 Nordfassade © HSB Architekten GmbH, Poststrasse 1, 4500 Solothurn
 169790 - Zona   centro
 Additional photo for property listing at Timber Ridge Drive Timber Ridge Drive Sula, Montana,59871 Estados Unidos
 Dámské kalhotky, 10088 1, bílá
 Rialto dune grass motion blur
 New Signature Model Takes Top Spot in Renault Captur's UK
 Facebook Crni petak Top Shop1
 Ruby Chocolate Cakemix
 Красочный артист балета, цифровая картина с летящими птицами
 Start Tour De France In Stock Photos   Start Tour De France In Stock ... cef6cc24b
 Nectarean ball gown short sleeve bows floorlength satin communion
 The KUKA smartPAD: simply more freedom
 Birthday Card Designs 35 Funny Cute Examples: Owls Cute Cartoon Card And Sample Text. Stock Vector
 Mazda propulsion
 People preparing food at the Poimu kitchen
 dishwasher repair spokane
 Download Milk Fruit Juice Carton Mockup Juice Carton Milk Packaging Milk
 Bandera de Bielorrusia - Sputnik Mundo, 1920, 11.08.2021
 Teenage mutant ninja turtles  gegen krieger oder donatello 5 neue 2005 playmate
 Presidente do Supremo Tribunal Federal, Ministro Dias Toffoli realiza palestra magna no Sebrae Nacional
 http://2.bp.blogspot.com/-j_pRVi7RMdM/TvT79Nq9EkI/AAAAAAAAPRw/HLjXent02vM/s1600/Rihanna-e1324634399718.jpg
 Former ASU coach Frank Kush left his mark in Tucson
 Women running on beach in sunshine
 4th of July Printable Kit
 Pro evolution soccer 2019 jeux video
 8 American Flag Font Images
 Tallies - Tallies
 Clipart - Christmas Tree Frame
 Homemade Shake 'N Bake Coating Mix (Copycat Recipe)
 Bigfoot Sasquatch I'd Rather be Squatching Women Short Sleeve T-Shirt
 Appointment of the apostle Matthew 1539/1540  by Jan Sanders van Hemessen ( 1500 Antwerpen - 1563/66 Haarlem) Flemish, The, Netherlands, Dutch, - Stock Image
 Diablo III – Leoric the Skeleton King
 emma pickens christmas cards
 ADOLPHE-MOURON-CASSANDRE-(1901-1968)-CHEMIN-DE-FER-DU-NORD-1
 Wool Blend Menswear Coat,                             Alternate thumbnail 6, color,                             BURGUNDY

> YOUR GOAL: Verbatim reproduction is required for the line holding "emma pickens christmas cards" and for every line after it in the records, with no other line included.

> TASK RESULT:
 emma pickens christmas cards
 ADOLPHE-MOURON-CASSANDRE-(1901-1968)-CHEMIN-DE-FER-DU-NORD-1
 Wool Blend Menswear Coat,                             Alternate thumbnail 6, color,                             BURGUNDY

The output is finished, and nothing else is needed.